From a practical standpoint, time series analysis in organizations are mostly used for:
- Economic forecasting
- Sales forecasting
- Utility studies
- Budgetary analysis
- Stock market analysis
- Yield projections
- Census analysis
- Process and quality control
- Inventory studies
- Workload projections
Advantages of time series analysis
Data analysts have much to gain from time series analysis. From cleaning raw data, making sense of it, and uncovering patterns to help with projections much can be accomplished through the application of various time series models.
Here are a few advantages of time series analysis:
It cleans data and removes confounding factors
Data cleansing filters out noise, removes outliers, or applies various averages to gain a better overall perspective of data. It means zoning in on the signal by filtering out the noise. The process of time series analysis removes all the noise and allows businesses to truly get a clearer picture of what is happening day-to-day.
Provides understanding of data
The models used in time series analysis do help to interpret the true meaning of the data in a data set, making life easier for data analysts. Autocorrelation patterns and seasonality measures can be applied to predict when a certain data point can be expected. Furthermore, stationarity measures can gain an estimate of the value of said data point.
This means that businesses can look at data and see patterns across time and space, rather than a mass of figures and numbers that aren’t meaningful to the core function of the organization.
Forecasting data
Time series analysis can be the basis to forecast data. Time series analysis is inherently equipped to uncover patterns in data which form the base to predict future data points. It is this forecasting aspect of time series analysis that makes it extremely popular in the business area. Where most data analytics use past data to retroactively gain insights, time series analysis helps predict the future. It is this very edge that helps management make better business decisions.
Disadvantages of time series analysis
Time series analysis is not perfect. It can suffer from generalization from a single study where more data points and models were warranted. Human error could misidentify the correct data model, which can have a snowballing effect on the output.
It could also be difficult to obtain the appropriate data points. A major point of difference between time-series analysis and most other statistical problems is that in a time series, observations are not always independent.
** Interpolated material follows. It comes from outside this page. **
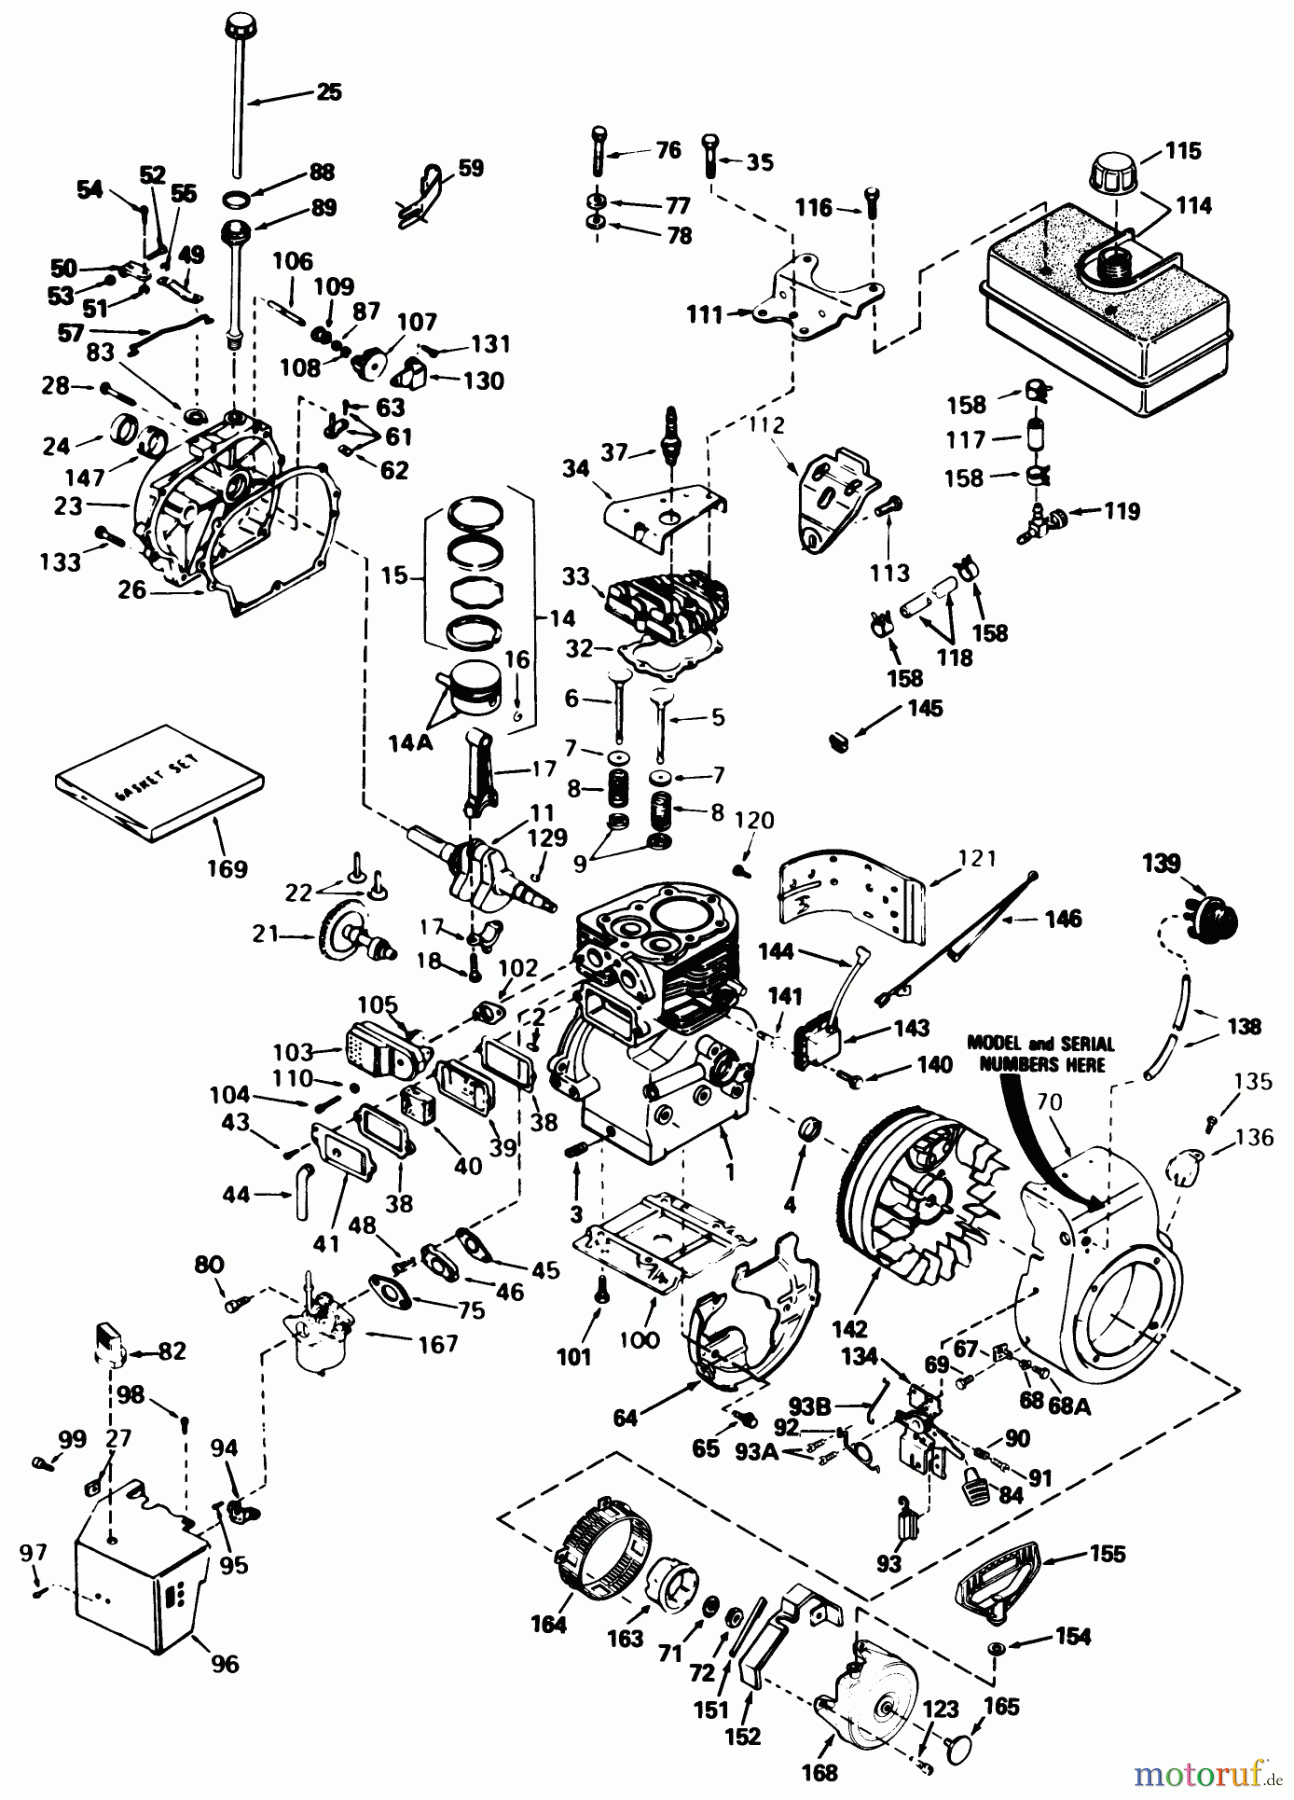  Toro Neu Snow Blowers/Snow Throwers Seite 1 38510 (624) - Toro 624 Power Shift Snowthrower, 1991 (1000001-1999999) ENGINE TECUMSEH MODEL NO. H60-75504W
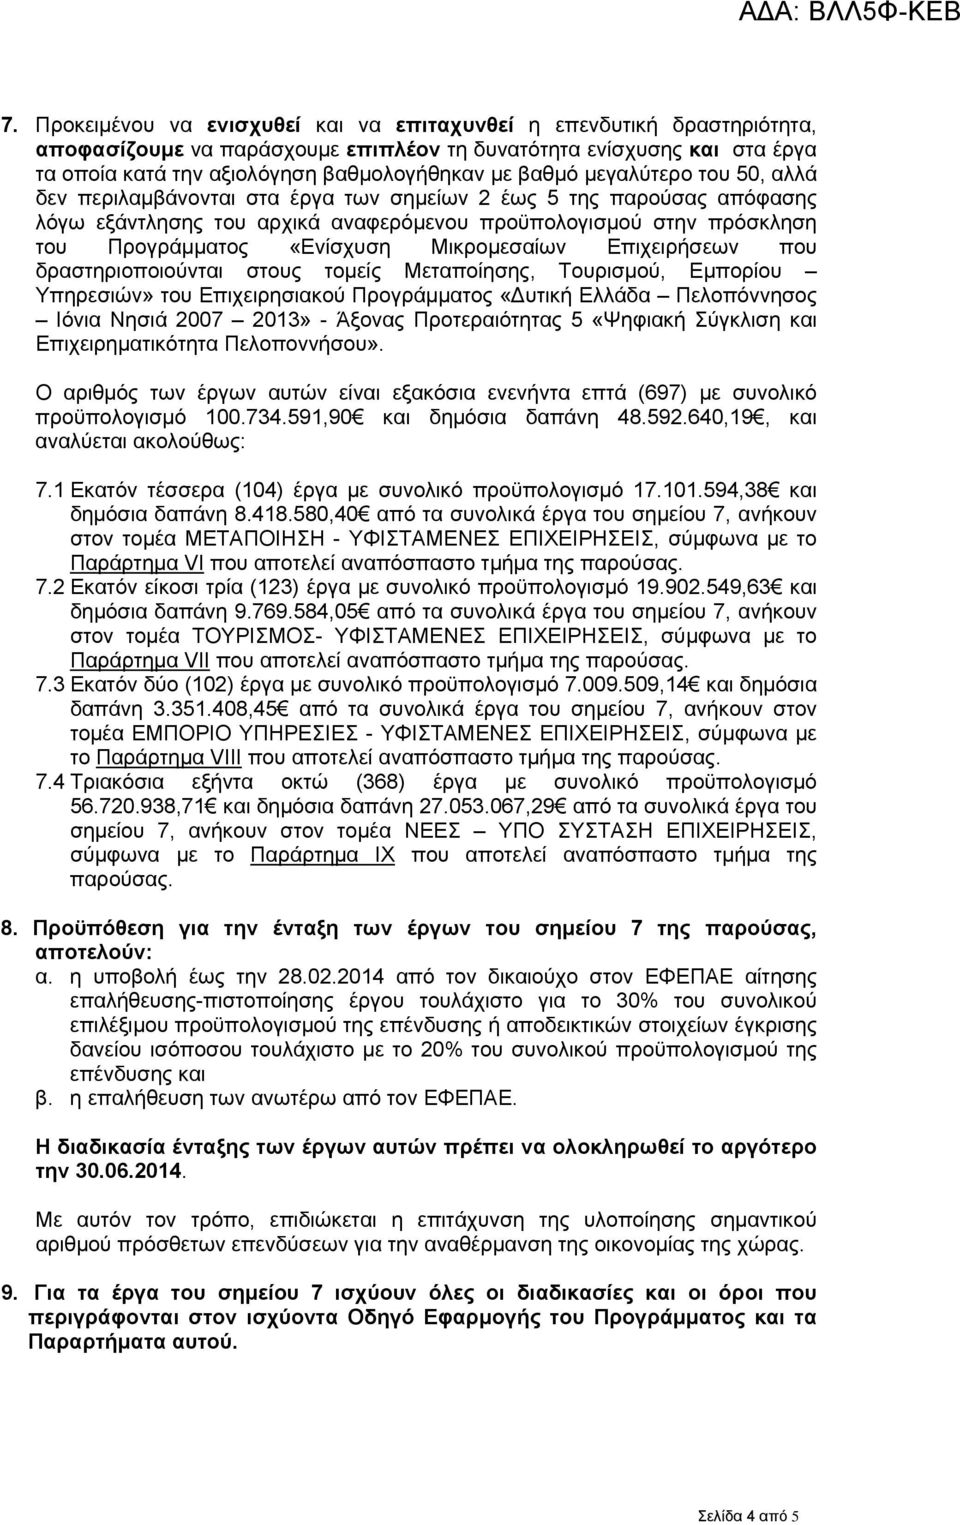 Μικρομεσαίων Επιχειρήσεων που δραστηριοποιούνται στους τομείς Μεταποίησης, Τουρισμού, Εμπορίου Υπηρεσιών» του Επιχειρησιακού Προγράμματος «Δυτική Ελλάδα Πελοπόννησος Ιόνια Νησιά 2007 2013» - Άξονας

For example, a single chance event may affect all later data points, and it is up to every data scientist to accurately gauge which of these events may have an impact on the analysis in question. Are there similarities in predictions that can make historical data useful?
Future of time series analysis
Time series analysis represents a highly advanced area of data analysis. It focuses on describing, processing, and forecasting time series. Time series are time-ordered data sets. When interpreting a time series, autocorrelation patterns, seasonality, and stationarity must be taken into account before selecting the right model for analysis. There are several time series analysis models, ranging from basic, fine-tuned, and advanced. Advanced models help data analysts to predict time series behavior with much greater accuracy.
With the advent of automation and machine learning techniques, comprehending this information and conducting complex calculations is not as tough as it once was, paving the way for a better understanding of our past, and our future.